İşten ayrılış bildirgesine göre davacının çalışmasının 25.02.2015 tarihinde son bulduğu belirtilmiş olup, bu ay için 25 gün çalışma bildirilmiştir.
Davacı, 16.02.2015 tarihinde fazla mesaisinin karşılığının ödenmesi için dilekçe vermiş olması nedeniyle 17.02.2015 tarihinde iş akdinin feshedileceğinin tarafına bildirildiğini, bu tutanağı imzalamadığını, 23.02.2015 tarihinde bu kez 09.02.2015 tarihli olan bir başka ihtarname ile iş akdinin feshedileceğinin bildirildiğini, bu tutanağı da imzalamadığını, 25.02.2015 tarihinde ise işine son verildiğini öne sürmektedir.

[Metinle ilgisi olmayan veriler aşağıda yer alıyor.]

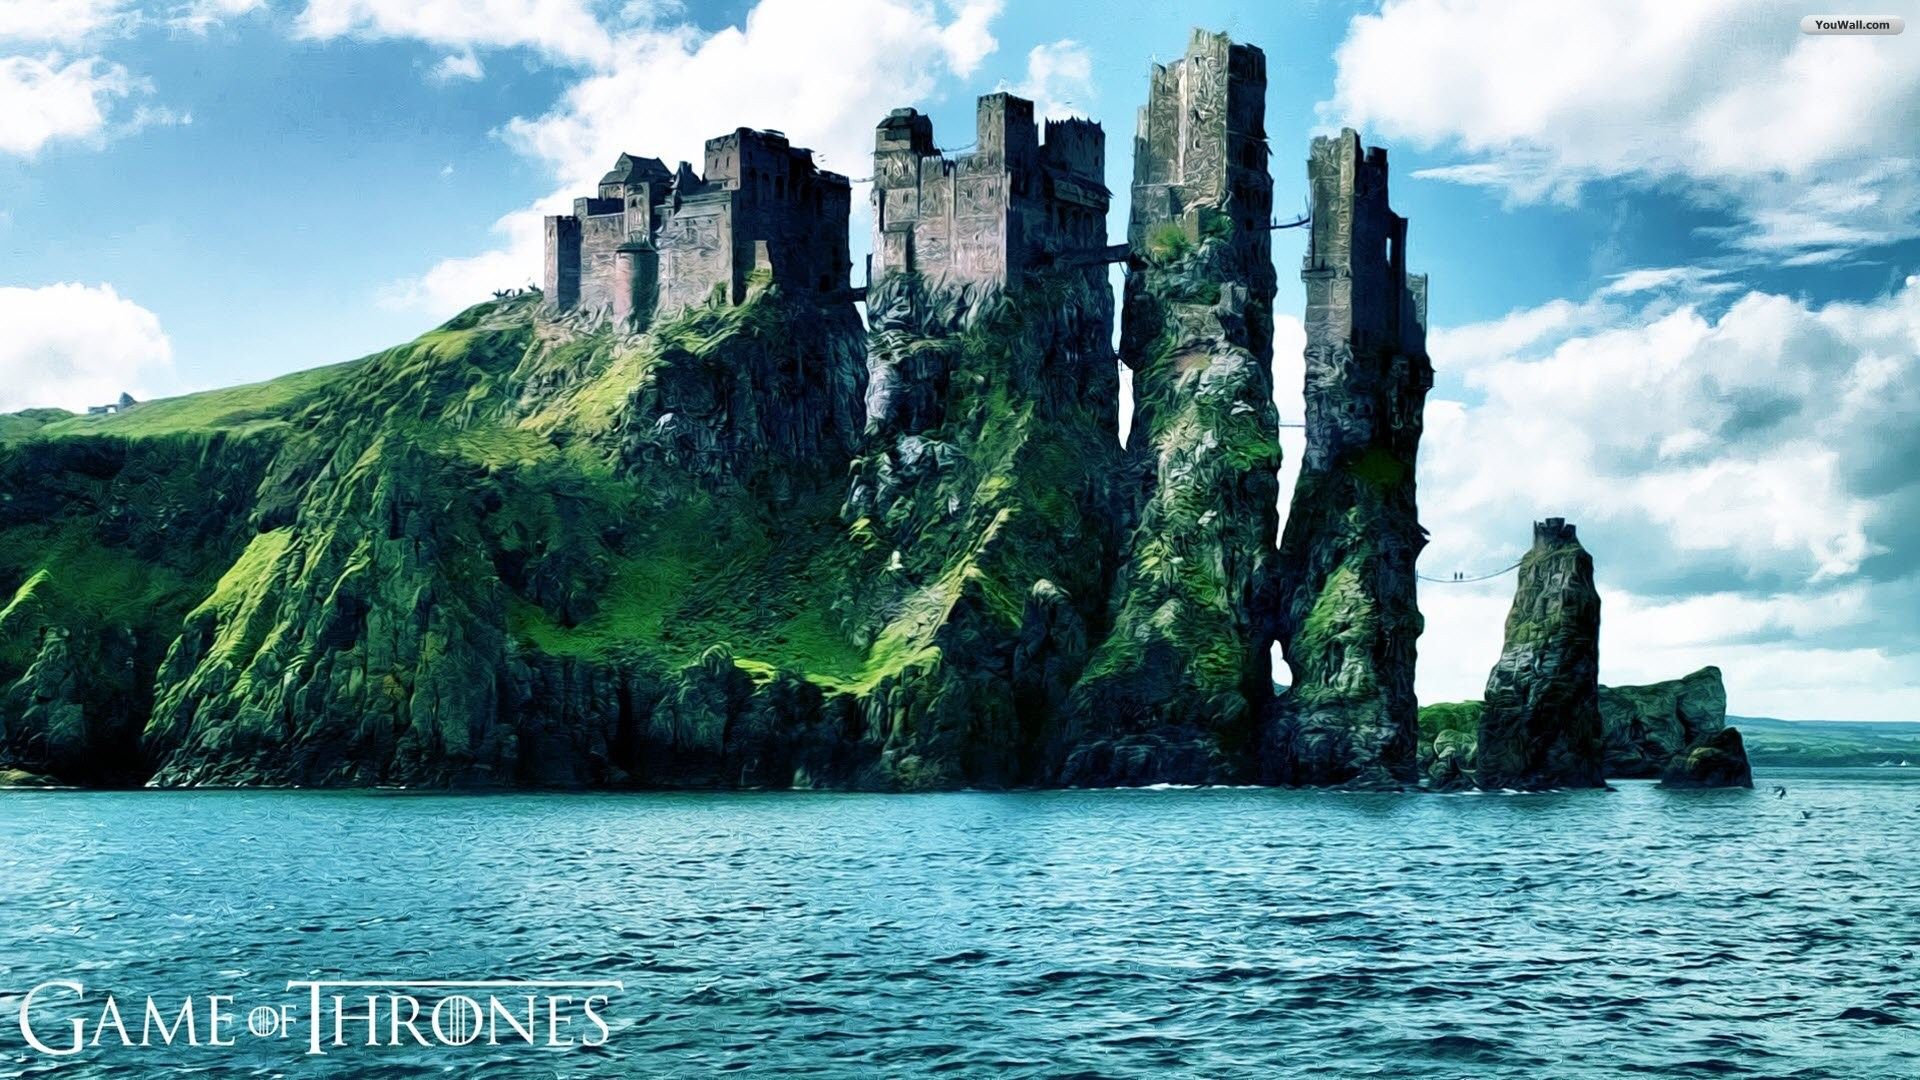 Game Of Thrones Hintergrundbild 1920x1080. 1920x1080 castle pyke castle game of thrones wallpaper JPG 542 kB Gallery HD Wallpaper

İş akdinin feshedileceğinin davacıya bildirildiği tarih uyuşmazlığın esasını oluşturmakta olup, feshin 17.02.2015 tarihinde davacıya bildirilmiş olduğunun kabulü halinde davanın süresinde açıldığı ve fesih bildiriminin davacıya ulaştığı tarih itibariyle 6 ay kıdem koşulunun sağlandığını kabul etmek gerekecek; 09.02.2015 tarihinde davacının haberdar edildiği kabul edilirse, dava süresinde açılmamış olacak ve davacının 6 ay kıdem süresi de dolmayacağı için davacının iş güvencesi hükümlerinden yararlanması bir başka deyişle işe iade davasının dinlenmesi de mümkün olmayacaktır.
Somut olayda, dosya içerisinde 17.02.2015 tarihinde düzenlenen bir fesih bildirimi ve tebliğ almaktan imtina tutanağı bulunması, davalının dayandığı 09.02.2015 tarihli fesih bildiriminin 09.02.2015 tarihinde davacıya bildirilmediğini göstermektedir. Davacının 09.02.2015 tarihli fesih bildiriminin kendisine 23.02.2015 tarihinde tebliğ edilmek istendiğine ilişkin iddiası bu nedenle dosya kapsamı ile örtüşmektedir. Kaldı ki davalı işveren davacının öğrendiğini beyan ettiği 17.02.2015 tarihinden önce feshi bildirdiğini de ispatlayamamıştır. ( Örneğin, davacının tebliğ almaktan imtina etmesinden sonra fesih bildiriminin noter kanalıyla gönderilmiş olması şeklinde bir delil sunulmamıştır)
17.02.2015 tarihli fesih bildirimi ve tebliğ almaktan imtina tutanağı dikkate alındığında 11.08.2014 tarihinde işe başlayan davacının 6 aylık kıdem süresinin dolduğu ve 13.03.2015 tarihinde açılan davanın 1 aylık yasal hak düşürücü süre içerisinde açıldığı anlaşılmaktadır.
Açıklanan nedenle mahkemece işin esasına girilmesi gerekirken yanılgılı değerlendirme ile davanın reddine karar verilmesi hatalı olup bozma nedenidir.
SONUÇ: Temyiz olunan kararın, yukarıda yazılı nedenlerle BOZULMASINA, peşin alınan temyiz harcının istek halinde davacıya iadesine, 10/03/2016 tarihinde oybirliğiyle KESİN olarak karar verildi.